SUPPLIED RECORDS
· · · · ·
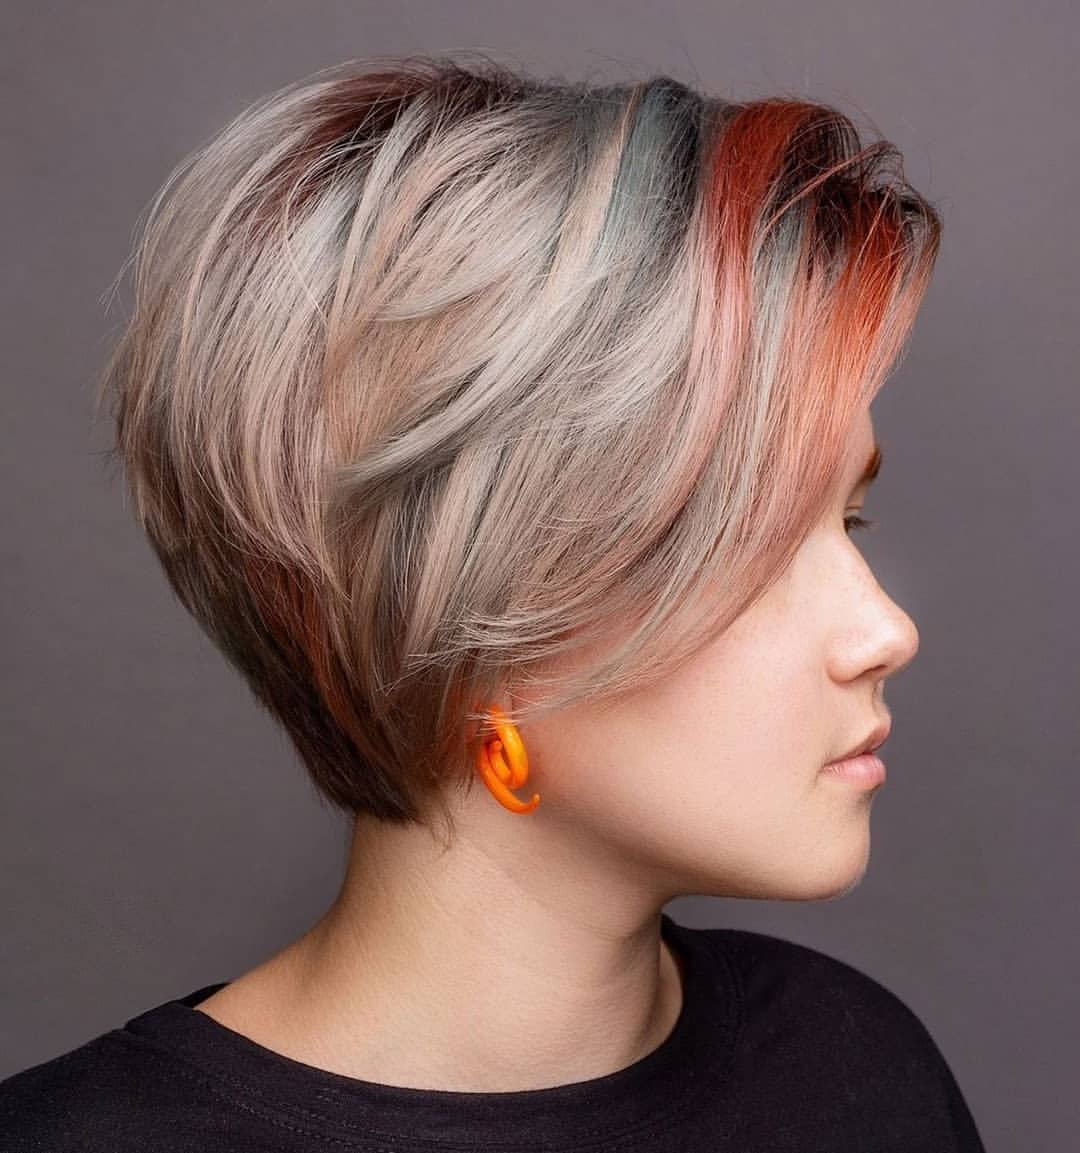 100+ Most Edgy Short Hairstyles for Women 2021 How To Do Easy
· · · · ·
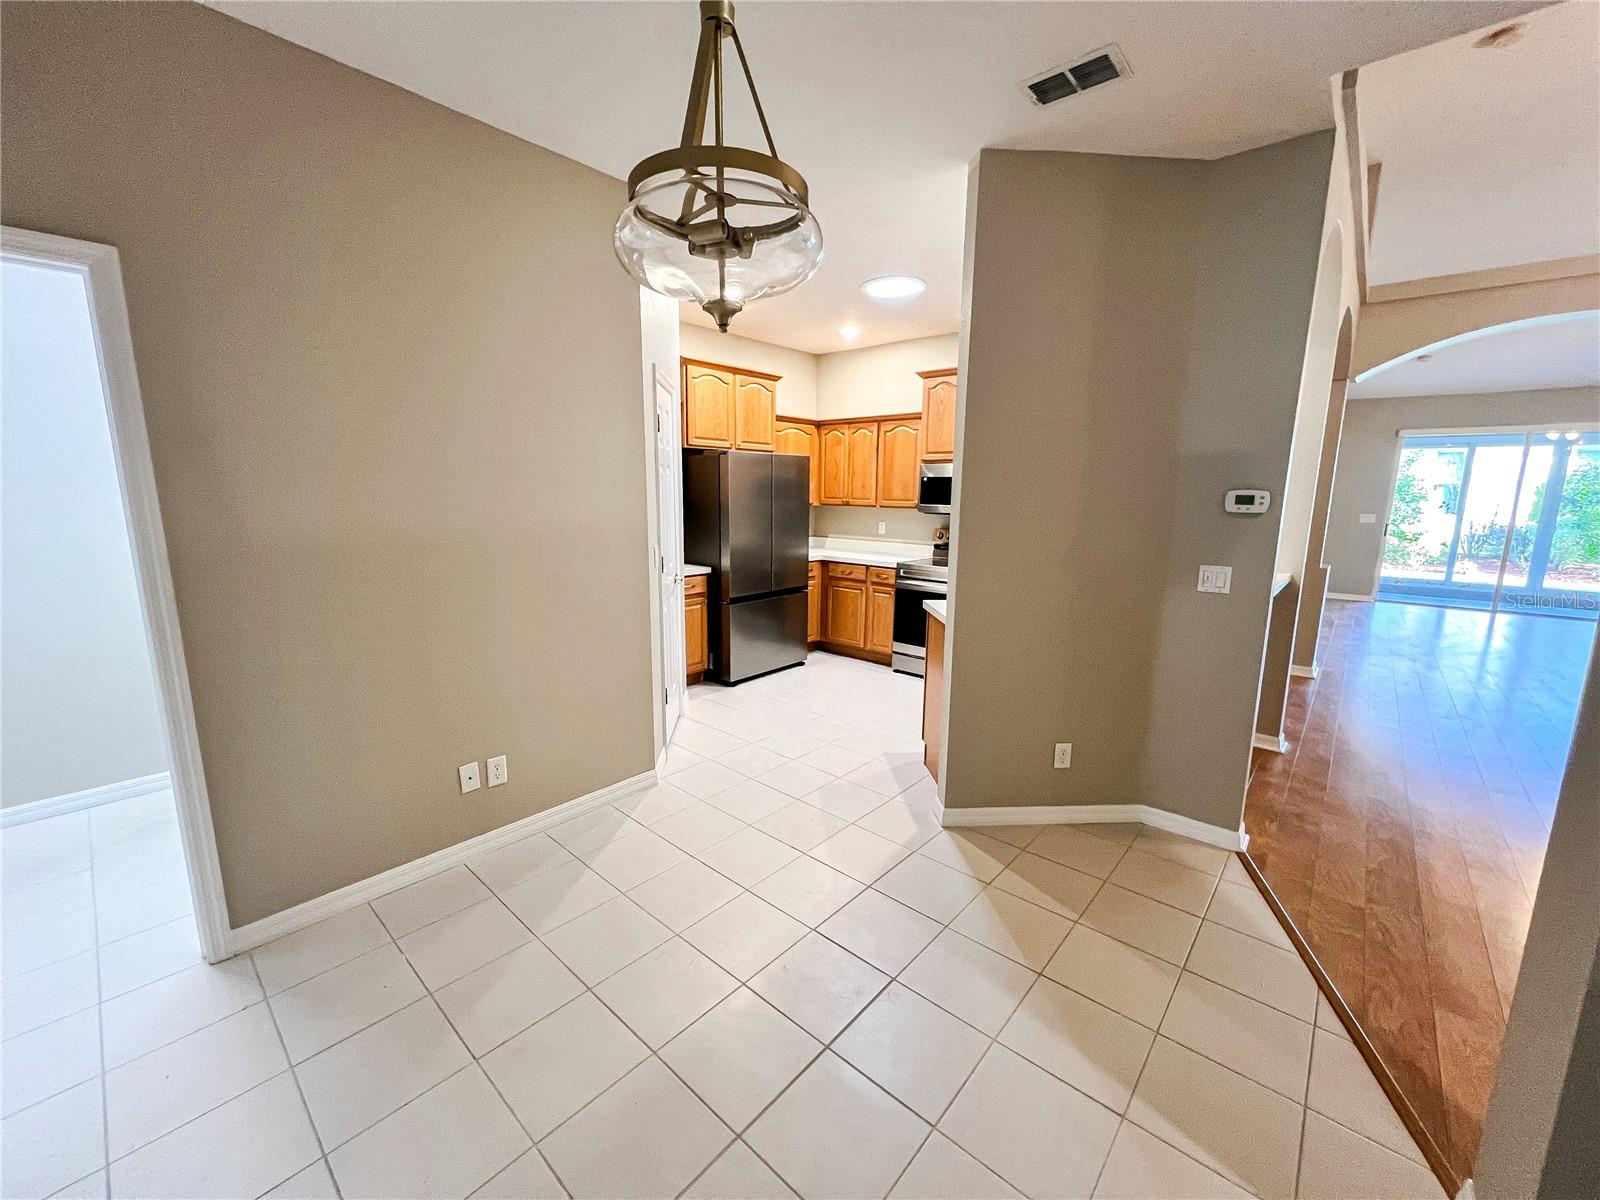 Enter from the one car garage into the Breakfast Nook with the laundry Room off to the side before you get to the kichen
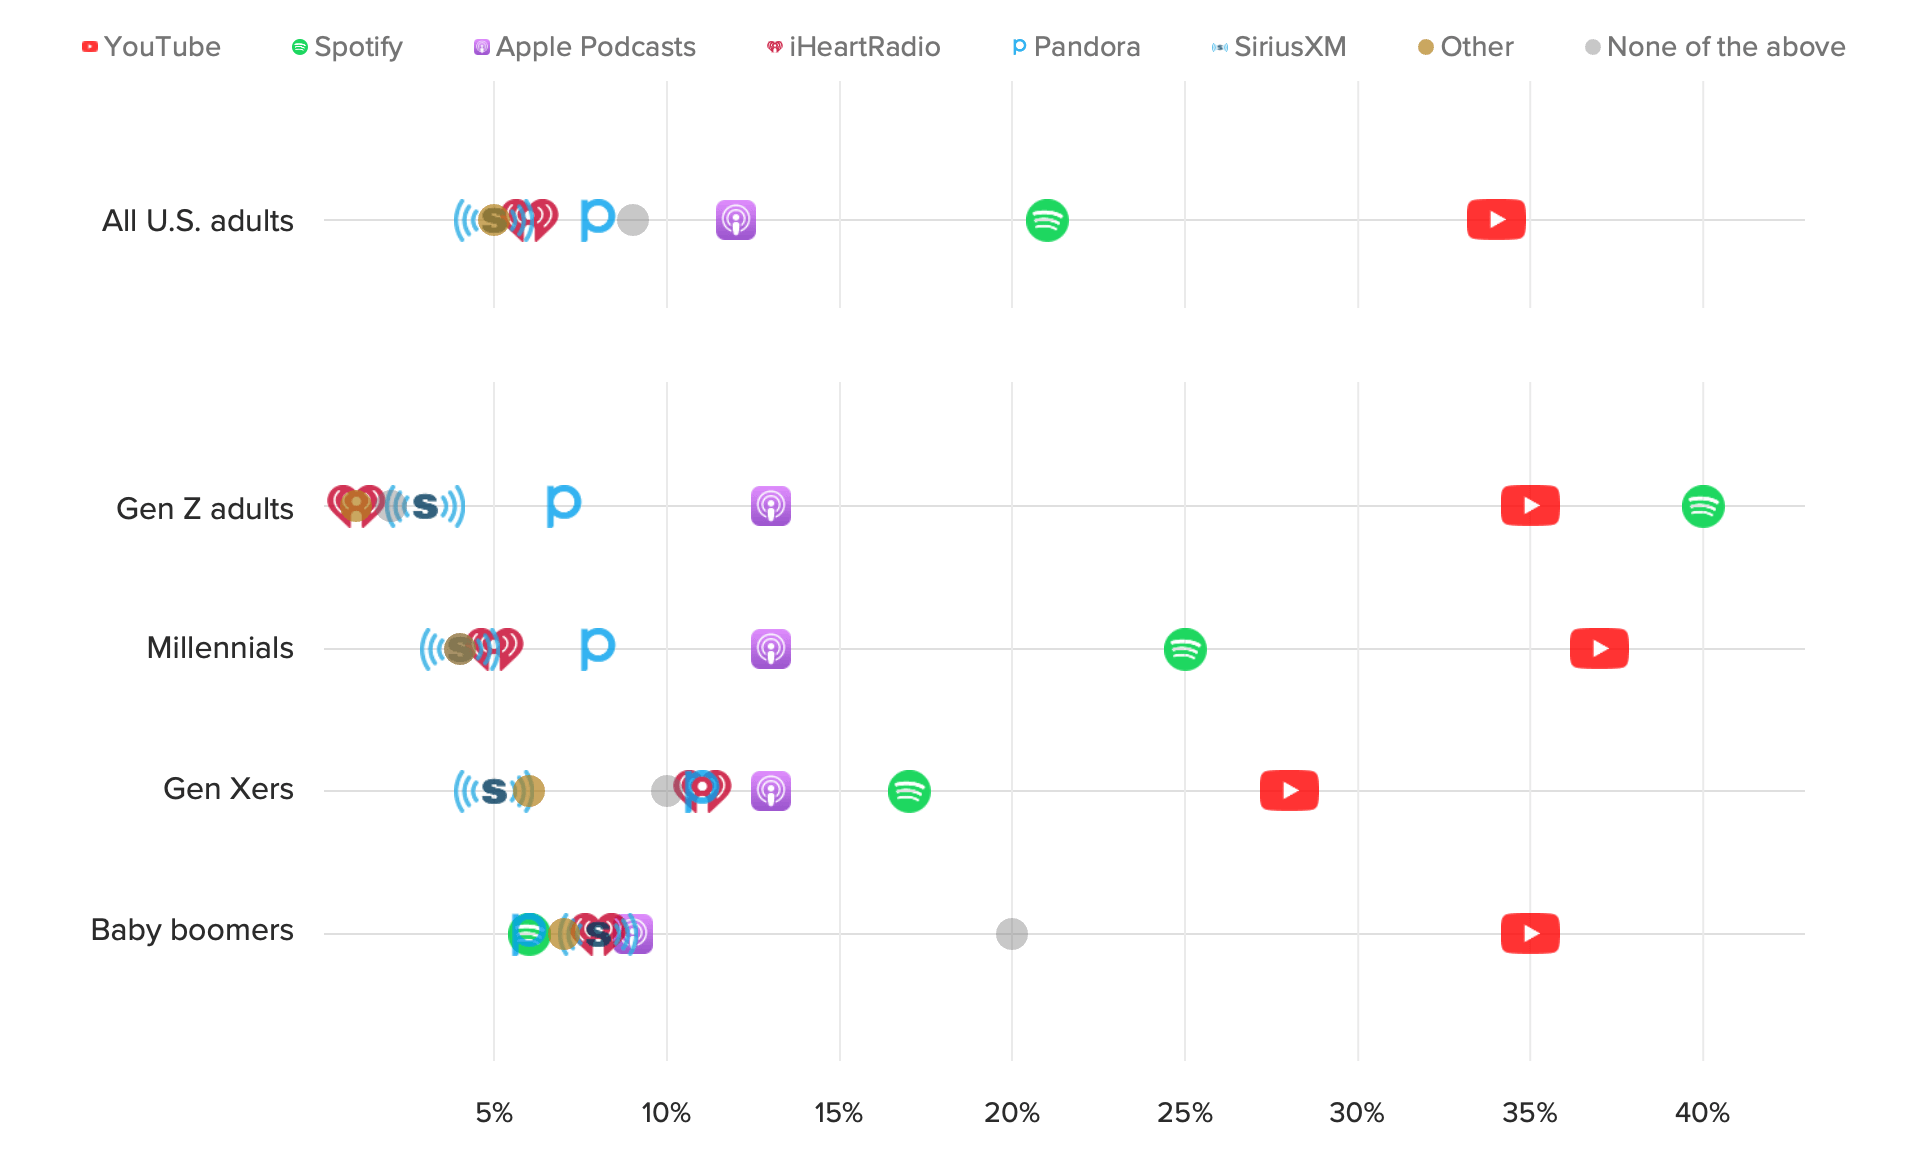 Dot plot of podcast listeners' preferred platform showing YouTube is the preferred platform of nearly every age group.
· · · · ·
WORK ITEM
Restate the lines above from the one containing "Enter from the" through the one containing "Dot plot of", inclusive, exactly and without pictures.

YOUR RESPONSE
 Enter from the one car garage into the Breakfast Nook with the laundry Room off to the side before you get to the kichen
 Dot plot of podcast listeners' preferred platform showing YouTube is the preferred platform of nearly every age group.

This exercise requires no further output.